News Release

When One Gene Has Two Roles, Its Second Function May Be Missed

Peer-Reviewed Publication

Northwestern University

In a surprising finding that underscores the difficulty in understanding how genes guide the developing mammalian embryo, an international team of scientists has found that the same master gene that controls development of all of the body's blood cells is later activated in other cells of the embryo to form the genitourinary tract.

Disorders in the gene's function, particularly in the genitourinary tract, where it was not previously known to act, may underlie some human diseases.

The researchers, from Northwestern University, Harvard Medical School and the University of Tsukuba in Japan, claim that the finding points to one obvious pitfall to a powerful experimental technique in mice that scientists have used for a decade to try to unravel the genetics of mammalian fetal development: Simply, if a single gene has more than one vital function, the first lethal defect will abort the embryo before the second defect manifests.

"The mouse embryo may be lost early in gestation before the second defect can be revealed," says J. Douglas Engel, Owen L. Coon Professor of Biochemistry, Molecular Biology and Cell Biology at Northwestern, who directed the research. "We may miss additional roles for a gene we're studying, unless we can somehow circumvent the embryologically disasterous effects of the first missing function."

Engel and his colleagues found a way to circumvent early abortion due to a missing function from a known vital gene, unmasking a previously unknown second role later in fetal development. The results are reported in the Nov. 16 issue of the journal of the European Molecular Biology Organization.

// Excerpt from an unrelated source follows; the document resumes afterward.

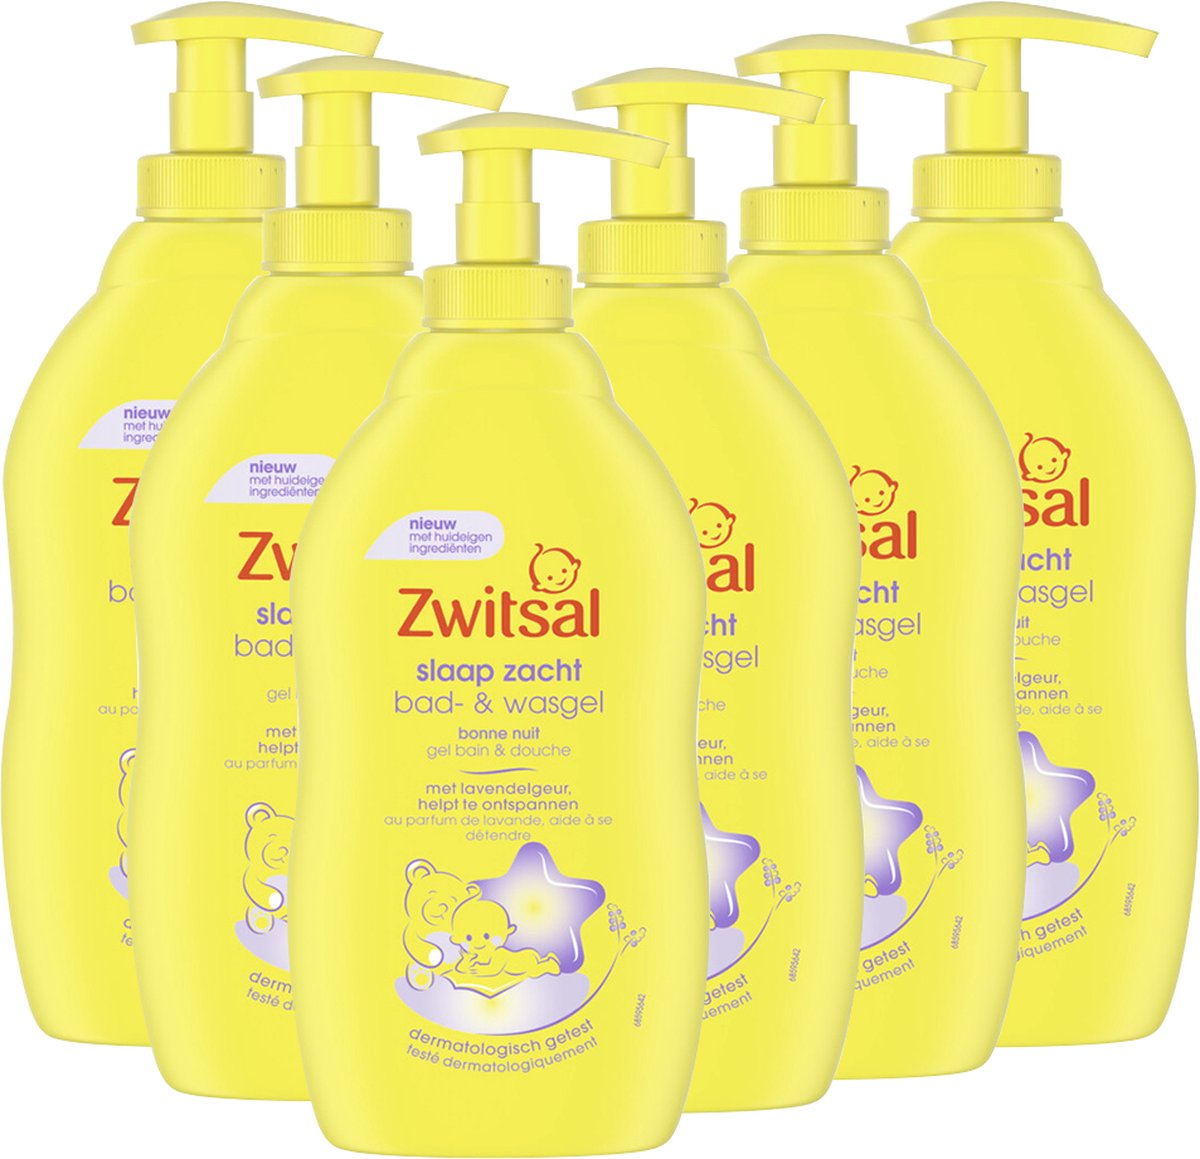 Zwitsal - Slaap Zacht - Bad & Wasgel - Lavendel - 6 x 400ml - Voordeelverpakking

Engel and his co-workers were studying a master signal molecule called GATA-2 that turns on other genes necessary to set embryonic precursor cells along the pathway that will give rise to all the various types of blood cells in a newborn mouse. By using a now-common technique called gene targeting, they created mice that were missing one of their two copies of the gene for GATA-2. When two such mice are bred, one-fourth of the resulting embryos will lack both copies of the GATA-2 gene.

"These gene-knockout mice die early in embryogenesis," Engel said. The GATA-2 defect is unknown in humans, he said, presumably because it results in very early miscarriage. Mice and humans are very similar in the genetic mechanisms of their embryonic development.

In an effort to understand the signals that cause GATA-2 to turn on in the embryonic tissues that eventually produce blood cells, the researchers constructed a huge piece of DNA called an artificial chromosome. This artificial chromosome contains the GATA-2 gene plus long stretches of the DNA that brackets it in the normal chromosome. When the artificial chromosome was injected into mouse embryos that lacked GATA-2, blood cell formation was restored, or "rescued," and live mice were born.

Surprisingly, however, despite a normal blood forming system, all the mice died shortly after birth. Post-mortem examination revealed that they had malformations of the kidneys and bladder and other genitourinary structures.

"When we went back and looked at normal mice, we found that GATA-2 is expressed in a lot of the organs in the developing urogenital system," Engel said. GATA-2 had been thought to be important only for blood cell formation.

"And what was really surprising," he continued, "was that in the knockout mutants, the artificial chromosome, with GATA-2 and that enormous length of flanking DNA, was not sufficient to rescue the urogenital system."

The researchers conclude that GATA-2 expression in developing genitourinary tissues must be governed by a regulatory DNA sequence a vast distance away from the GATA-2 gene itself.

"The latter surprise is going to be disturbing to the scientific community, because everybody thinks that you control genes with relatively small pieces of DNA located right next to the gene," Engel said. "As far as I know, these are clearly the most distant regulatory elements that have been identified in any structural gene. It's a further demonstration of why we need to map and sequence the entire genome if we hope to understand how these elements work."

Derangements of GATA-2 expression could underlie any of a wide range of human conditions. The researchers note that developmental abnormalities of the genitourinary system are estimated to affect 10 percent of the population, accounting for one-third of all congenital malformations and 40 percent of kidney diseases.

The researchers also note that the general approach of trying to replace a missing function in mice that have had a gene knocked out may reveal unknown functions of that gene at later developmental stages.

Other authors on the EMBO Journal paper include graduate student Yinghui Zhou and postdoctoral fellows Kim-Chew Lim and Ko Onodera, all of Northwestern; Stuart H. Orkin, Leland Fikes Professor of Pediatric Medicine, and postdoctoral researcher Fong-Ying Tsai of Harvard Medical School; and Masayuki Yamamoto, professor of molecular and developmental biology, and postdoctoral researchers Satoru Takahashi, Naoko Minegishi and Jun Ohta of the University of Tsukuba.

The research was funded by the National Institute of General Medical Sciences, one of the National Institutes of Health.